To make it interesting, I will plot different lines for each borough.
```{r}
# set up viz data object
reviews_by_borough <- airbnb_orig %>%
#include only the rows with reviews
filter(number_of_reviews > 0) %>%
filter(last_review > '2019-01-01') %>%
#create groups by borough
group_by(neighbourhood_group)
reviews_by_borough %>%
# set up the x and y and group and color
ggplot(aes(x=last_review, y=neighbourhood_group, fill= neighbourhood_group)) +
geom_density_ridges(alpha=0.6, ) +
theme_ridges() +
theme(
legend.position="none",
panel.spacing = unit(0.1, "lines")) +
#rename x axis
labs(x="Date of Last Review", y= "Borough", title = "Date of Last Reviews in 2019, Airbnb Listings NYC")+
# make it shiny
theme_gray()
reviews_by_borough
```
I first graphed this as another `geom_density` but couldn't see everything since it's all so uniform and stacked together. So I tried a ridgeline plot. I also limited to the year 2019 to see if I could find any remarkable variation, and there doesn't seem to be any. Another analysis could look at any differences about price bins.
## Visualizing Part-Whole Relationships
I want to learn more about how neighborhoods make up the NYC boroughs, as they are listed in this data set. I selected `treemap` because I want to show subgroups within groups, and also to see how each neighborhood and borough are represented in the data by count of listing. This graph will allow me to easily see how much area each covers.
```{r}
#prep the data frame
boroughs <- airbnb_orig %>%
# select just the variables I want
select(neighbourhood, neighbourhood_group) %>%
count(neighbourhood, neighbourhood_group)
boroughs
boroughs %>%
treemap(boroughs,
index= c("neighbourhood_group", "neighbourhood"),
vSize = "n",
type = "index",
title = "Count of Listings by Neighborhood, Airbnb NYC 2019"
)
```
Wow. This really paints a picture regarding where the listings are located. I can easily see that Manhattan and Brooklyn are by far the most popular, with Queens in third, and the Bronx and Staten Island having a very small proportion of rows.
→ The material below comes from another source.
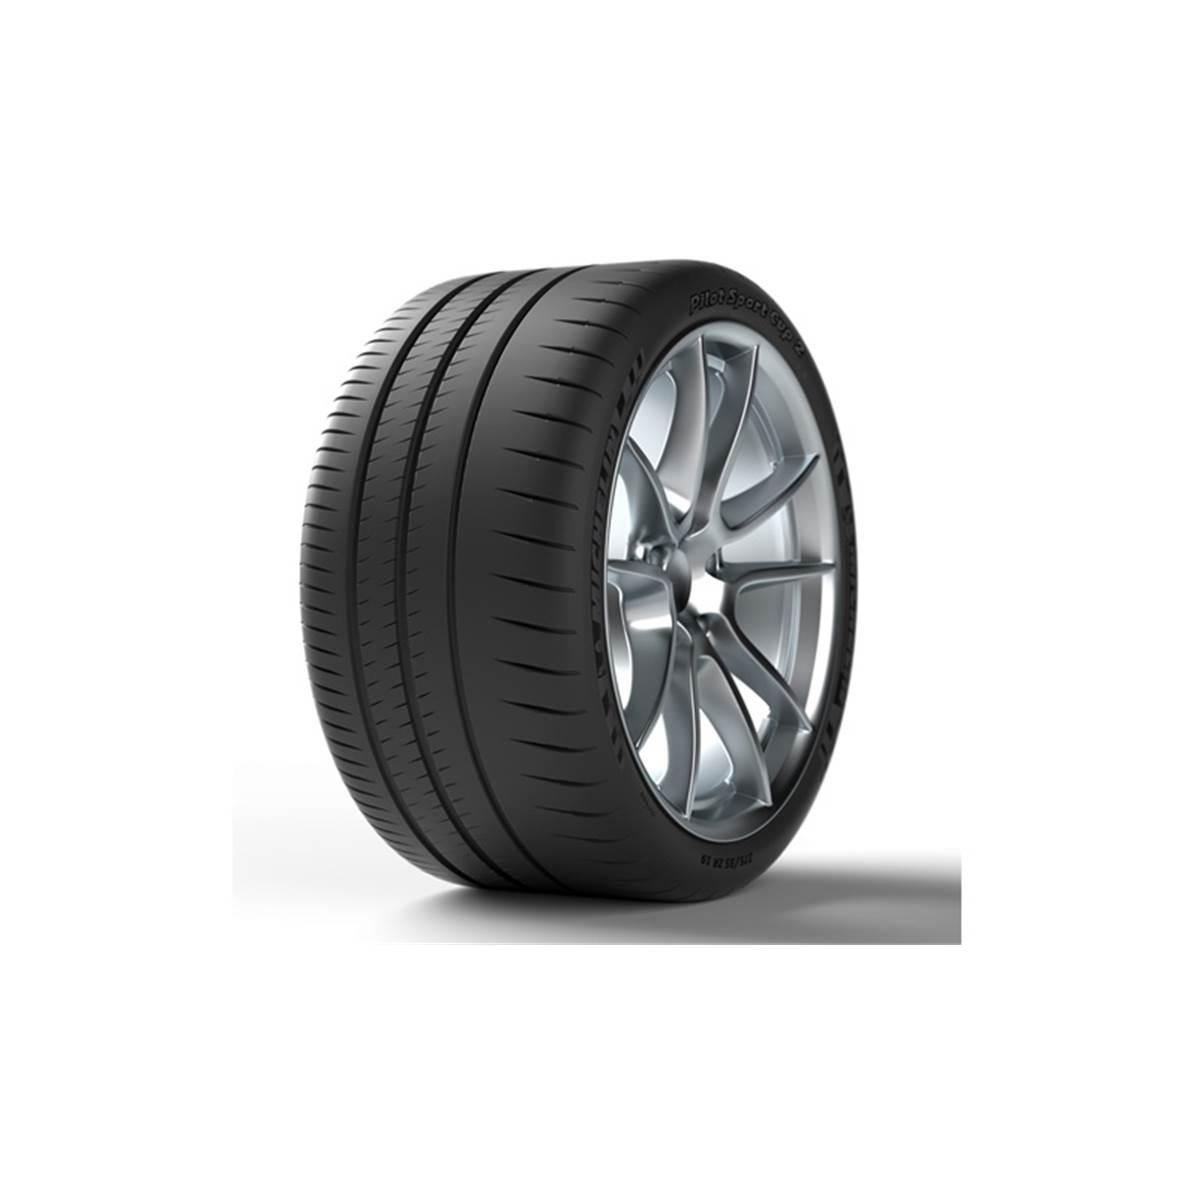 Pneu Michelin 265/35R19 98Y Pilot Sport Cup 2 XL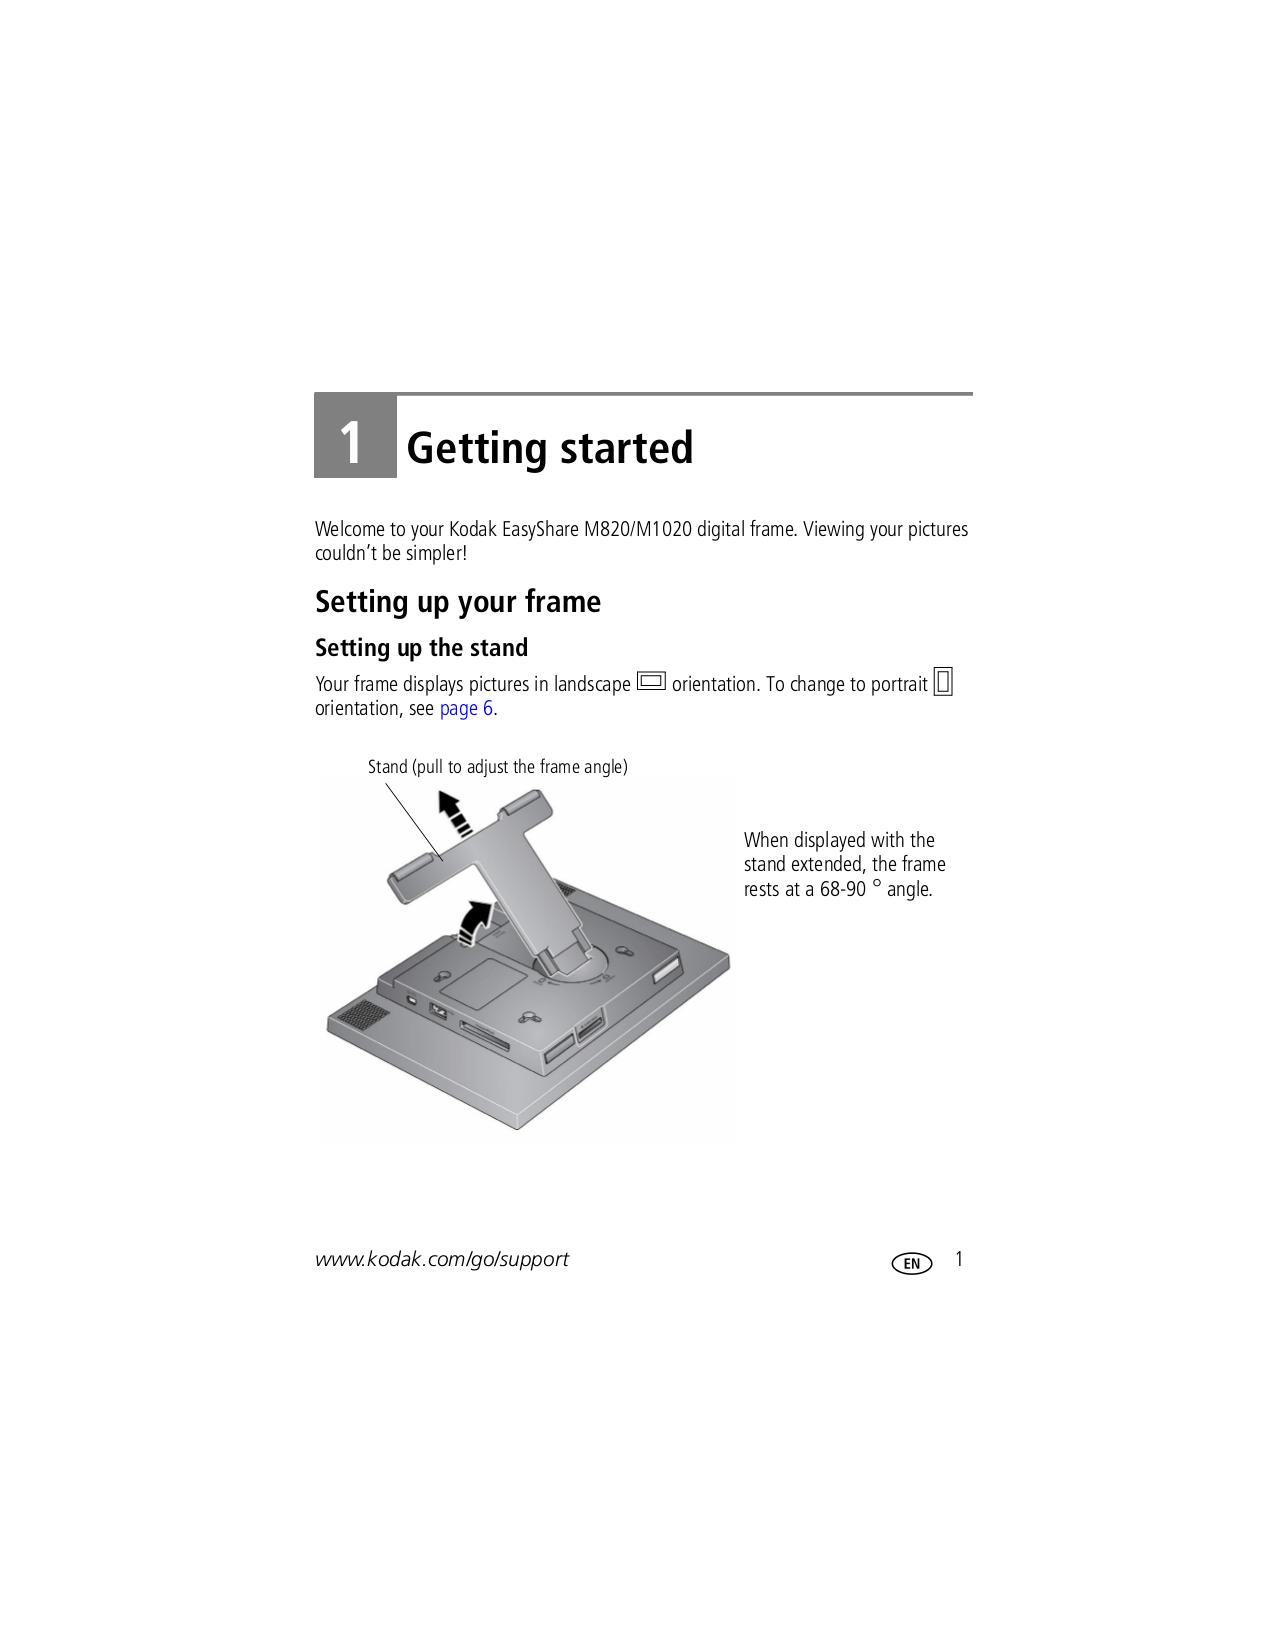 PDF manual for Kodak Digital Photo Frame EasyShare M820

It would be interesting to create another treemap of average prices in each neighborhood.
```{r}
#prep the data frame
boroughs_price <- airbnb_orig %>%
select(neighbourhood, neighbourhood_group, price) %>%
group_by(neighbourhood, neighbourhood_group) %>%
summarize(median(price))
boroughs_price
boroughs_price %>%
treemap(boroughs,
index= c("neighbourhood_group", "neighbourhood"),
vSize = "median(price)",
type = "index",
title = "Median Listing Price by Neighborhood, Airbnb NYC 2019"
)
```
Cool! Fort Wadsworth and then Woodrow are clearly the most expensive. Is that the castle, and/or the outliers I never dealt with?